Cape Town’s Airbnb debate: regulation, reality and what comes next

Keenan Prinsloo

16 March 2026

MAIN IMAGE: Grant Smee – CEO of Only Realty

Only Realty

Landlords need not fret just yet – as of March 2026, there are still no specific laws regulating short-term letting in South Africa. But thanks to Cape Town’s post-COVID tourism boom, there are increasing calls from policy makers, housing advocates and irate locals who’d like to see that change.

According to Grant Smee, CEO of Only Realty, while the rise of Airbnb has been raising concerns among body corporates for years – with many complexes banning short-term rentals over safety risks – pressure for a city-wide crackdown intensified in 2025 following the release of an explosive report revealing more than 26,000 Airbnb listings in Cape Town and ranking the city eighth in the world for Airbnb supply.

“That figure of 26,000 listings is striking on its own, but what really fanned the flame was the finding that roughly 70% of residential units in Cape Town’s CBD are either hotel-managed or listed on Airbnb,” says Smee.

“Consider the math: In a city already grappling with a severe shortage of long-term rentals, the median household income sits at around R14,000, yet a basic CBD Airbnb studio can cost roughly R36,000 for a 30-day stay. Small wonder the debate has caught fire among fed-up locals, and the City of Cape Town is listening.”

What changes the proposed regulations could bring

City officials are now weighing up a new by-law that would bring Airbnb operators in line with hotels. Under the proposal, properties used primarily for commercial short-term letting would be charged municipal rates at a commercial tariff rather than the lower residential rate – a shift that could see some owners’ rates bills double.
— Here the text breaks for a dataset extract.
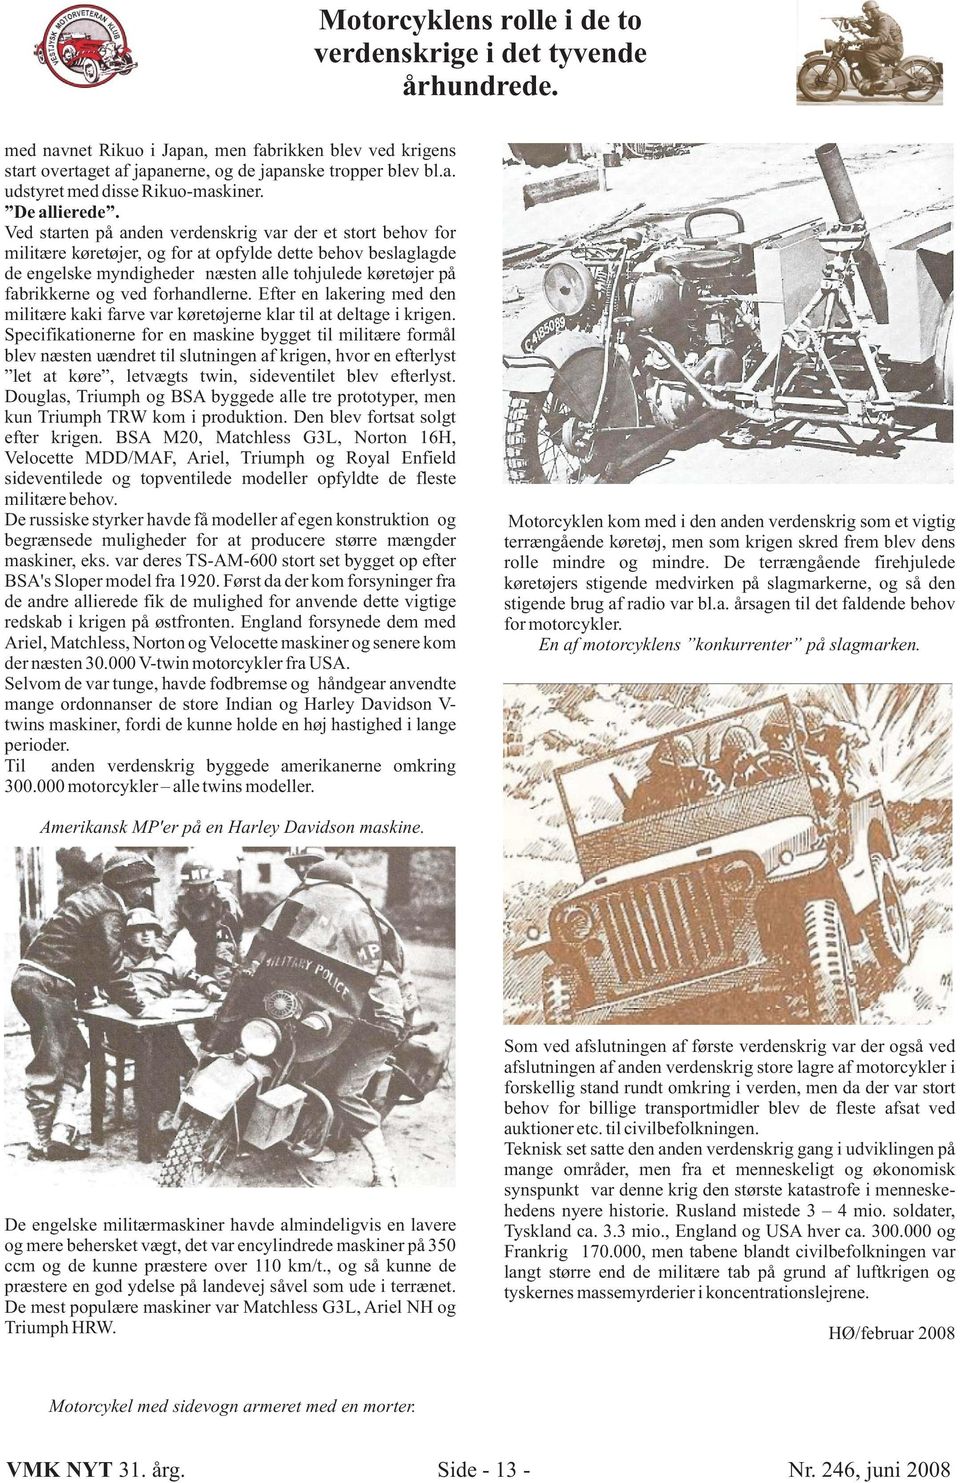 Ved starten på anden verdenskrig var der et stort behov for militære køretøjer, og for at opfylde dette behov beslaglagde de engelske myndigheder næsten alle tohjulede køretøjer på fabrikkerne og ved

And Cape Town isn’t alone in tightening the screws. Nationally, the Department of Tourism is exploring policies that could cap the number of days a property may be rented out each year to balance tourism demand with local housing needs.

“Other proposals include mandatory registration for all short-term rental properties and the potential requirement that hospitality taxes be paid.”

Investors need to get ready for the new reality

“While these regulations are still in the proposal stage, many -myself included- see their implementation as inevitable,” adds Smee.

In the meantime, the City of Cape Town is urging Airbnb operators to self-regulate and review their property’s rates classification.

“But enforcement won’t rely on trust alone,” says Smee. “Officials are expected to use occupancy and availability data from Airbnb and other platforms to determine whether a property is functioning primarily as a commercial short-term rental and engage directly with owners whose data indicates that they should be paying commercial rates.”

Smee adds that this evolution of Cape Town’s short-term rental landscape is about compliance, not punishment.

“When residential properties begin operating like hospitality businesses – and generating significantly more revenue than they would by traditional long-term letting – it’s perfectly reasonable for municipalities to assess whether they should be treated like commercial operations instead,” notes Smee, adding that hotels already operate within strict regulatory and tax frameworks.

For investors, the real risk right now isn’t regulation – it’s uncertainty. “Property owners should begin stress-testing their investment assumptions. Ask yourself, if rates rise or occupancy limits are introduced, will the numbers still work?”

He adds that some investors may also need to consider hybrid strategies, shifting between short-term and longer-term rentals – depending on market conditions.

“Ultimately, the advice is simple: the investors who succeed in this market will be those who adapt quickly to the evolving regulatory landscape, rather than waiting for the dust to settle” he concludes.